The white pigeons finally took their perches, which were small
plywood boxes lining the walls, but in their panic they had displaced
each other, violating customary territories and upsetting altogether
the pecking order, which led to a final round of fussing. "Mi dispiace,"
Tony whispered to the white birds. I'm sorry, in Italian. Though
Tony understood English, he preferred Italian. As did his birds,
to his mind.
He gazed at the white pigeons, really doves, which he found so
beautiful. Large and healthy, the hue of their feathers so pure
Tony marveled that only God could make this color. Their pearliness
contrasted with the inky roundness of their eye, which looked black
but in fact was the deepest of reds, blood-rich. Tony even liked
their funny bird-feet, with the flaky red scales and the toe in
back with a talon as black as their eyes pretended to be. And he
kidded himself into thinking that the doves behaved better than
the other birds. More civilized, they seemed aware of how special
they were.
The secret reason for the doves' special status was that they were
beloved of his son, who had finally stopped Tony from releasing
them at weddings for a hundred fifty dollars a pop. Tony had thought
it made a good side business; why not make some money to pay for
the seed and medicines, plus keep the birds in shape during the
off-season? And it made Tony happy to see the brides, whose hearts
lifted at the flock of doves taking off outside the church, since
you couldn't throw rice anymore. It reminded his heart of his own
wedding day, less grand than theirs, though such things didn't matter
when it came to love. But his son had hated the whole idea. They're
not trained monkeys, Frank had said. They're athletes.

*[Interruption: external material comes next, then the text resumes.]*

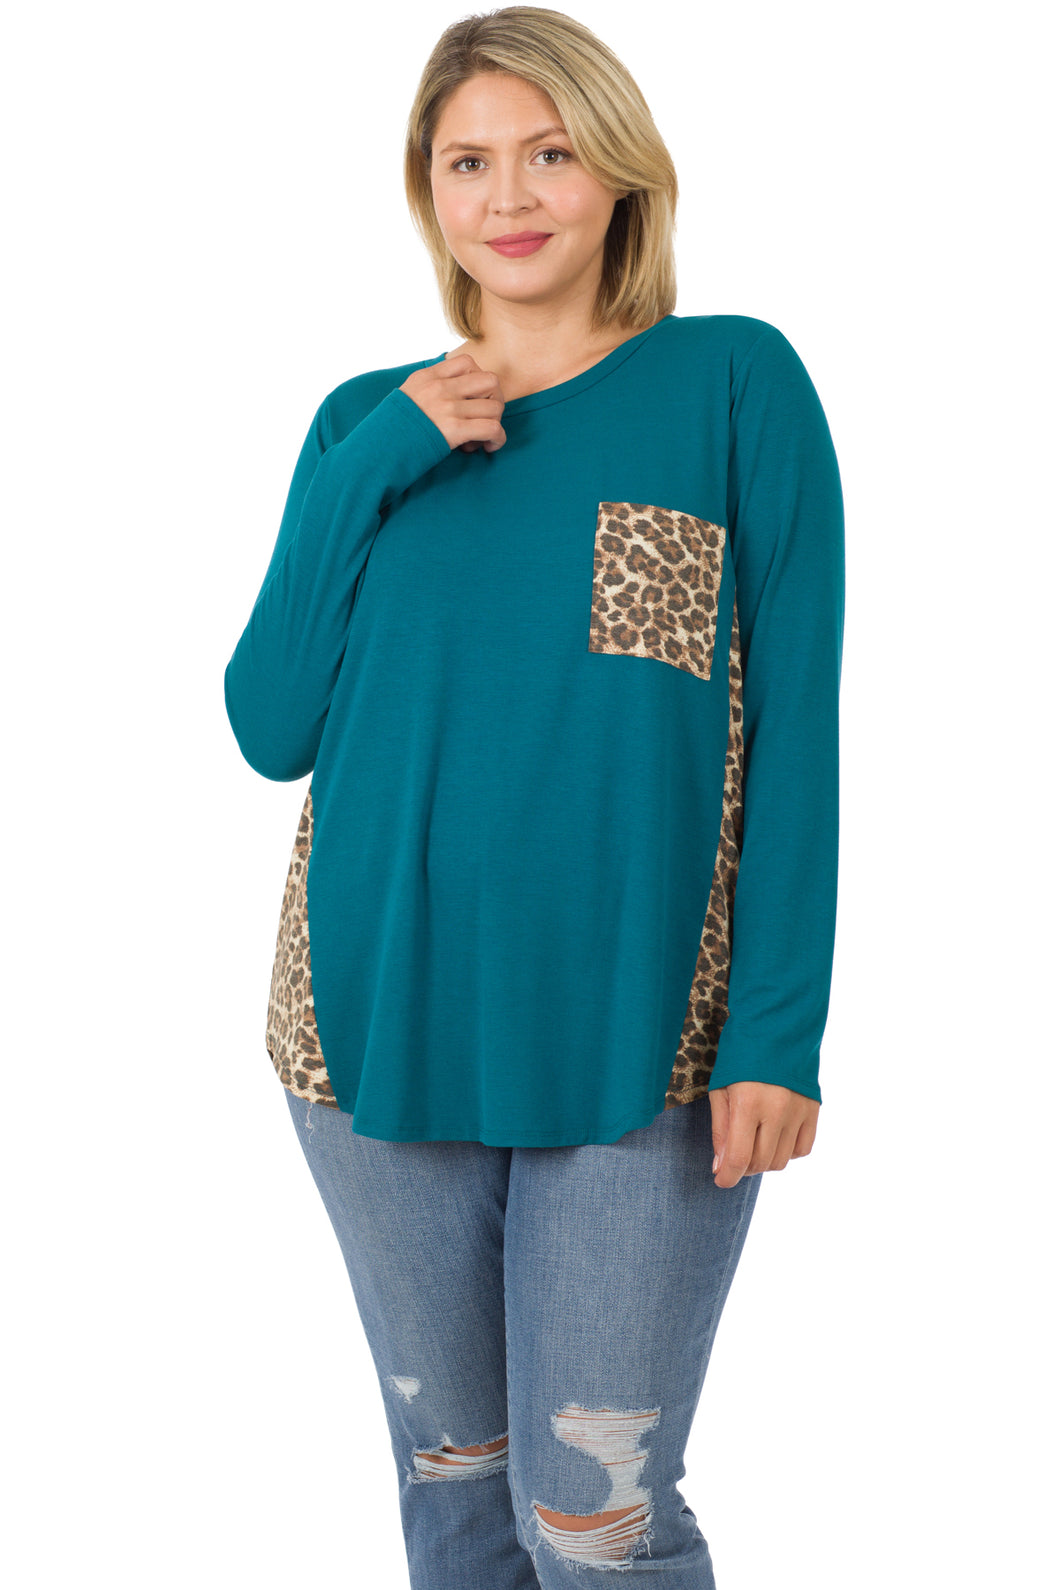 Long Sleeve Leopard Shirt Teal Size M

So Tony had relented. "Mi dispiace," he whispered again, this time
to his son. But Tony couldn't think about Frank now. It would hurt
too much, and he had birds to feed. He shuffled down the skinny
aisle, and his old sneakers, their soles worn flat, made a swishing
sound on the whitewash of the plywood floor. The floor had held
up okay, unlike the screen door; Tony had built the loft himself
when he first came to America from Abruzzo, sixty years ago. The
loft measured thirty feet long, with the single door in the middle
opening onto a skinny aisle that ran the short length of the building.
It occupied all of Tony's backyard, as if the loft and yard were
nesting boxes. Off the aisle of the loft were three large chicken
wire cages lined with box perches. The aisle ended in a crammed
feed room, the seed kept safe from rats in a trash can, and there
was a bookshelf holding antibiotics, lice sprays, vitamins, and
other supplies, all labels out, in clean white shelves.